The DRIs and other collaborators choose how to apportion the work for the next week and work commences. Collaboration can be fostered and monitored via Slack and if necessary, more Google live stream meetings.

If collaborators need help understanding some technology, technique, or too, the PI, RAs or DRIs can provide a mini video course on the topic or can point to other information used to get the researchers up to speed. Collaborators can ask questions and receive answers through Slack.

When it’s time to write the paper, they used Google Docs with change tracking to manage the writing process.

The team also maintained a Wiki on the overall project to help new and current members get up to speed on what’s going on. The Wiki would also list the week’s milestones, video archives, project history/information, milestone deliverables, etc.

At the end of the week, researchers and DRIs would supply a mini post to describe their work and link to their milestone deliverables so that everyone could review their results.
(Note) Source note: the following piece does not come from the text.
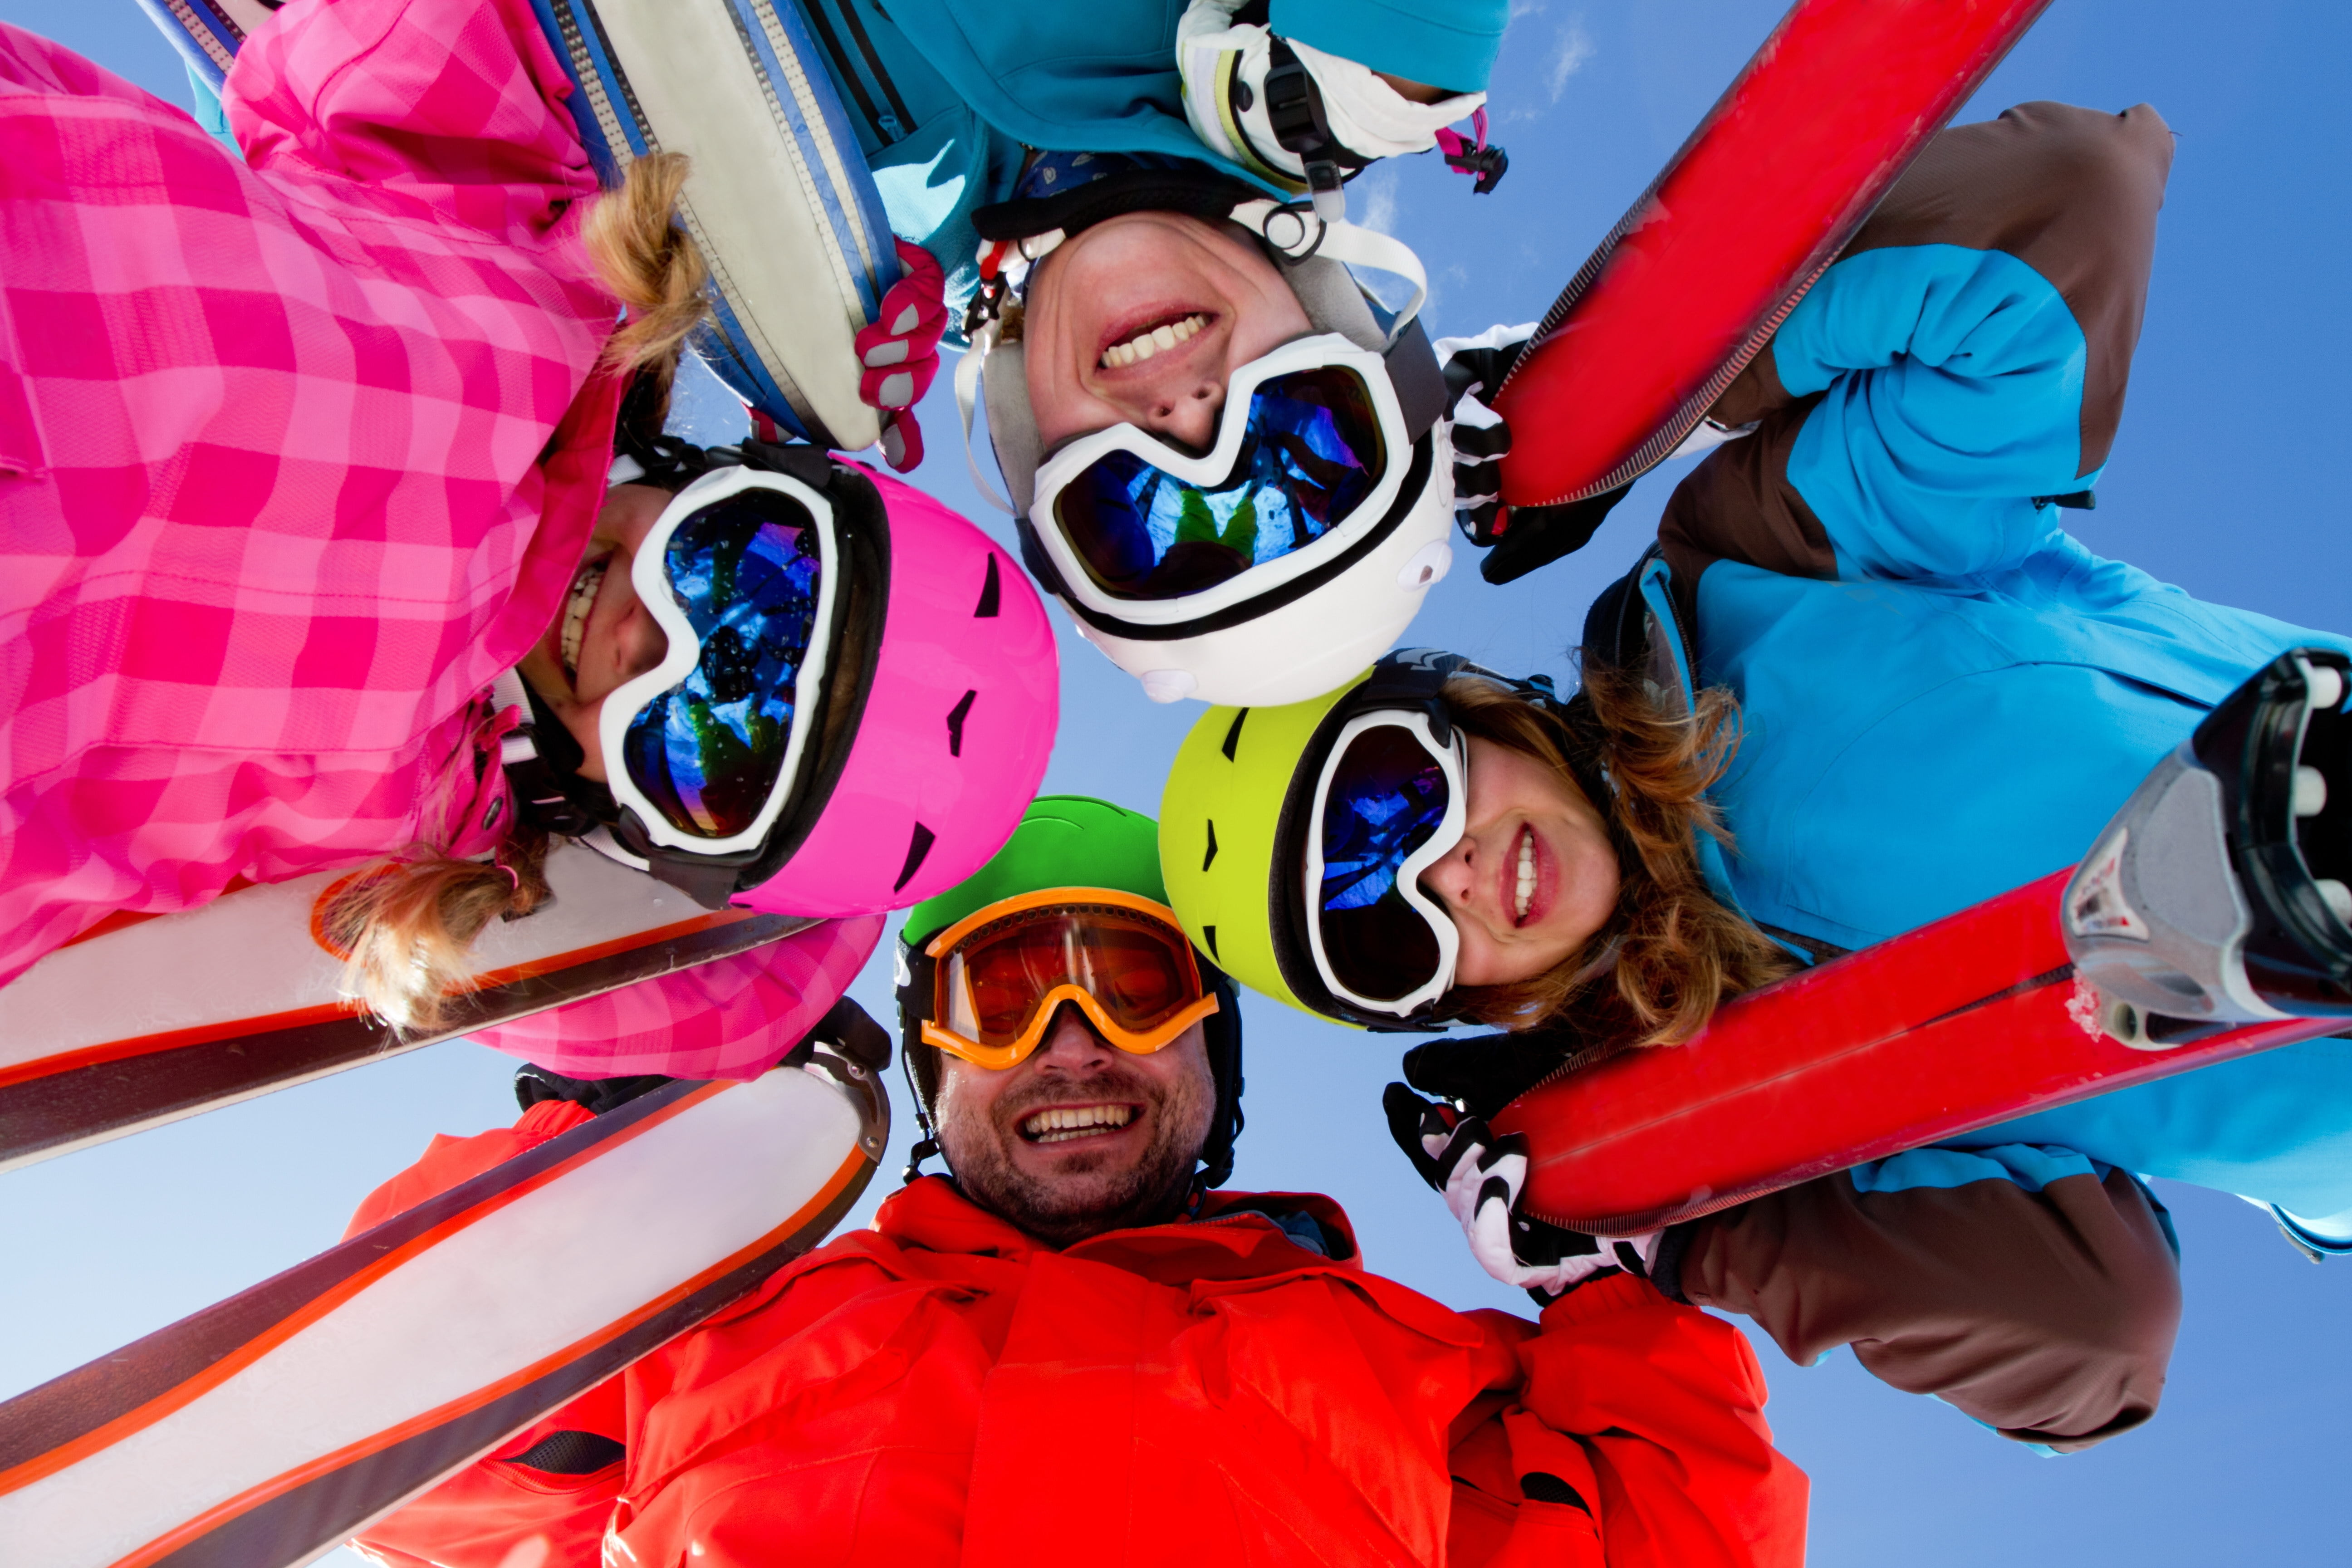 My friend skis. Горнолыжники и сноубордисты. Сноуборд компания. Счастливые сноубордисты. Семья горнолыжников.

Who gets credit for crowdresearch?

Each week, everyone on the project is allocated 100 credits and apportions these credits to other participants the weeks activities. The credits are  used to drive a page-rank credit assignment algorithm to determine an aggregate credit score for each researcher on the project.

Check out the paper linked above for more information on the credit algorithm. They tried to defeat (credit) link rings and other obvious approaches to stealing credit.

At the end of the project, the PI, DRIs and RAs determine a credit clip level for paper authorship. Paper authors are listed in credit order and the remaining, non-author collaborators are listed in an acknowledgements section of the paper.

The PIs can also use the credit level to determine how much of a recommendation letter to provide for researchers

Tools for crowdresearch

The tools needed to collaborate on crowdresearch are cheap and readily available to anyone.

  • Google Docs, Hangouts, Gmail are all freely available, although you may need to purchase more Drive space to host the work on the project.
  • Wiki software is freely available as well from multiple sources including Wikipedia (MediaWiki).
  • Slack is readily available for a low cost, but other open source alternatives exist, if that’s a problem.
  • Github code repository is also readily available for a reasonable cost but  there may be alternatives that use Google Drive storage for the repo.
  • Web hosting is needed to host the online Wiki, media and other assets.

Initial projects were chosen in computer science, so outside of the above tools, they could depend on open source. Other projects will need to consider how much experimental apparatus, how to fund these apparatus purchases, and how a global researchers can best make use of these.

My crowdresearch projects

Some potential commercial crowdresearch projects where we could use aggregate credit score and perhaps other measures of participation to apportion revenue, if any.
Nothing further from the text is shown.